_Exercise prompt_
Everything from the line that holds "DTK Austin is" through the end of the listing below must be retyped word for word, without any pictures.

_Information provided_
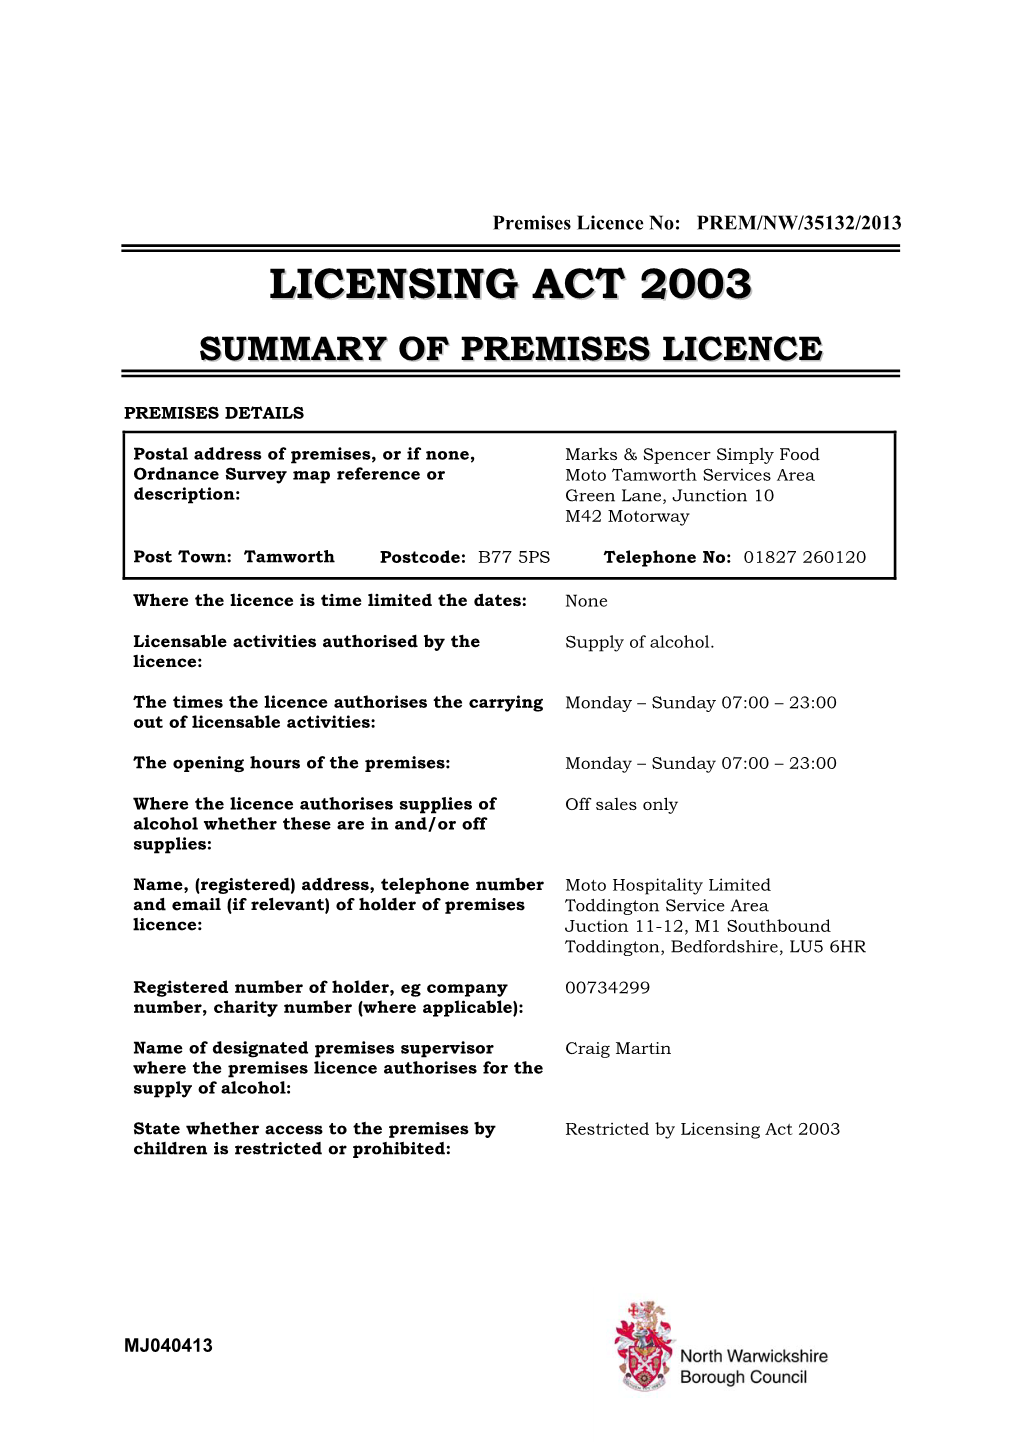 Licensing Act 2003 Children Is Restricted Or Prohibited
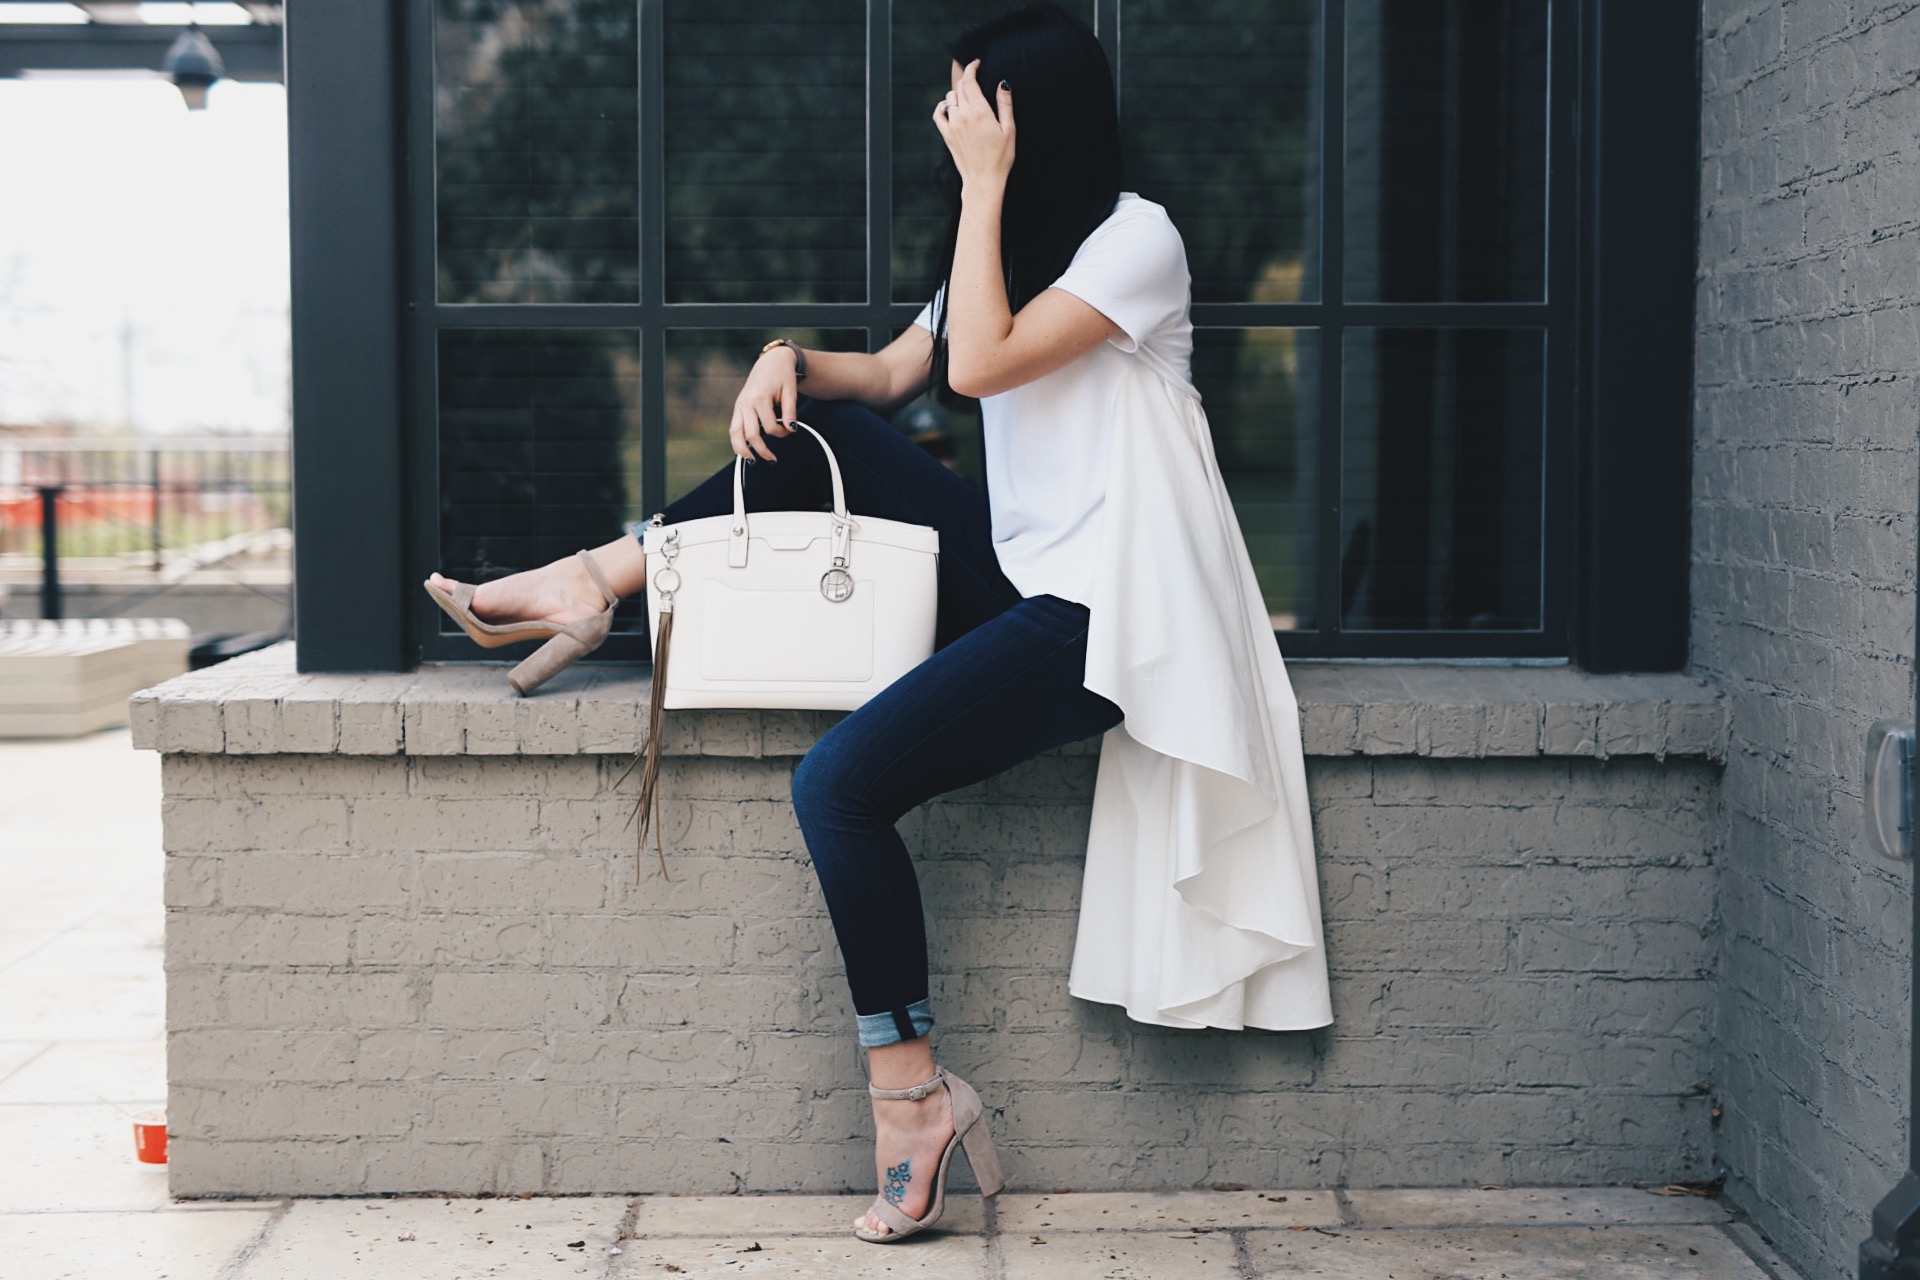 DTK Austin is celebrating her 31st birthday by sharing 31 facts about her life. Click for more outfit details - Blouse from Red Dress Boutique, Steve Madden heels, Articles of Society Jeans with a Henri Bendel Bag.
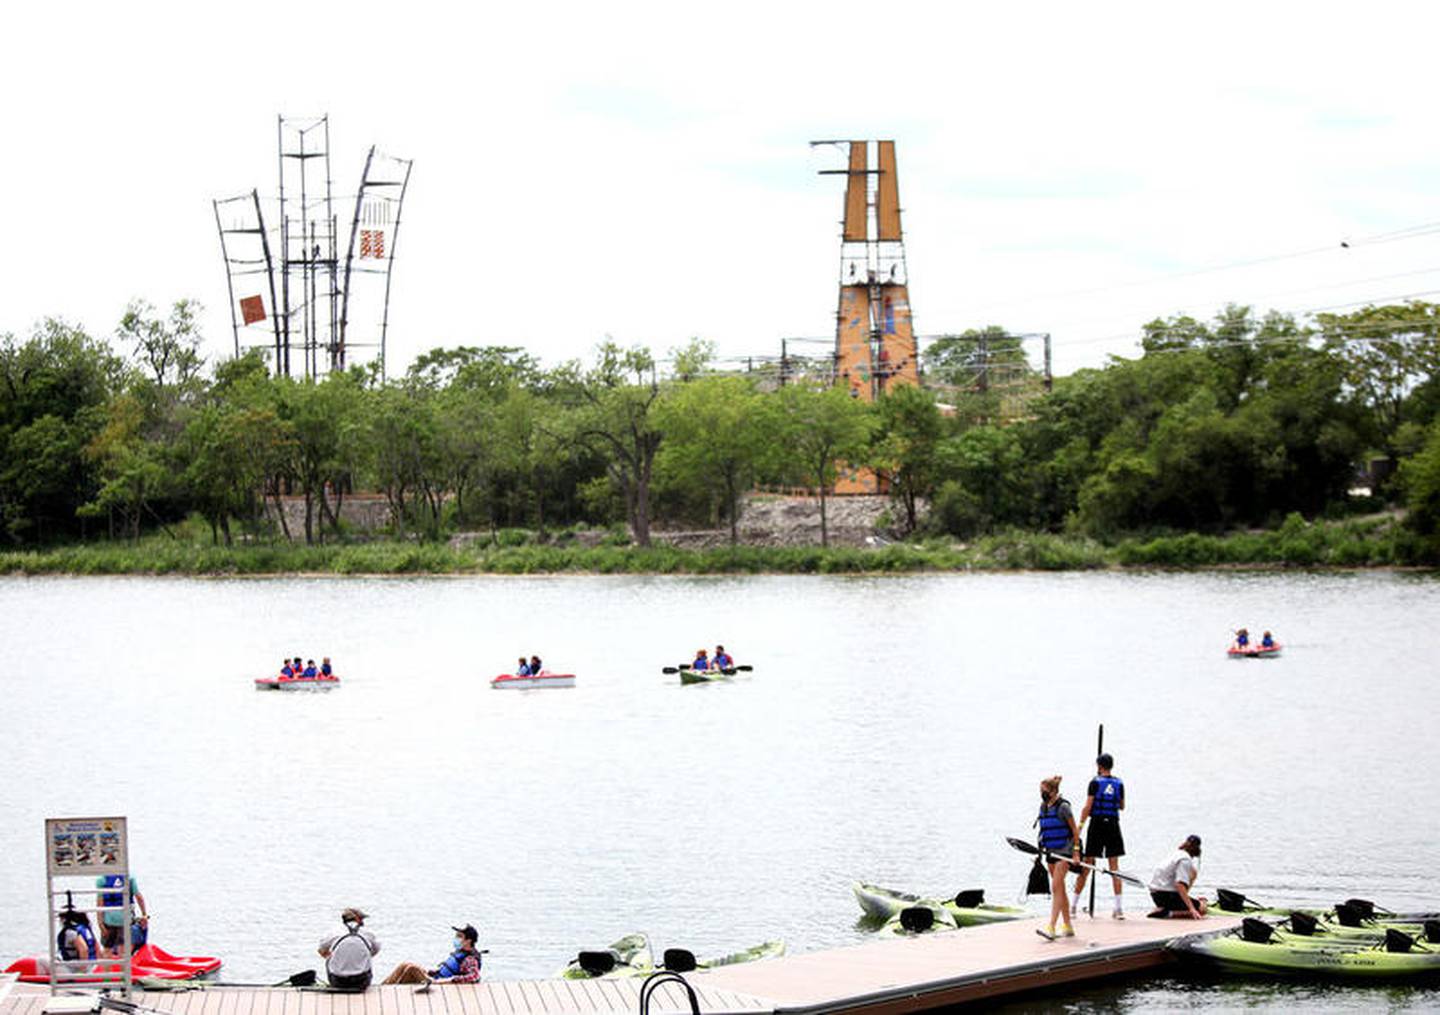 Paddlers enjoy the water at The Forge: Lemont Quarries adventure park in Lemont. The park, which features mountain biking, climbing towers, ziplines, water sports and much more, opened July 17, 2020.

_Solution to the exercise_
 DTK Austin is celebrating her 31st birthday by sharing 31 facts about her life. Click for more outfit details - Blouse from Red Dress Boutique, Steve Madden heels, Articles of Society Jeans with a Henri Bendel Bag.
 Paddlers enjoy the water at The Forge: Lemont Quarries adventure park in Lemont. The park, which features mountain biking, climbing towers, ziplines, water sports and much more, opened July 17, 2020.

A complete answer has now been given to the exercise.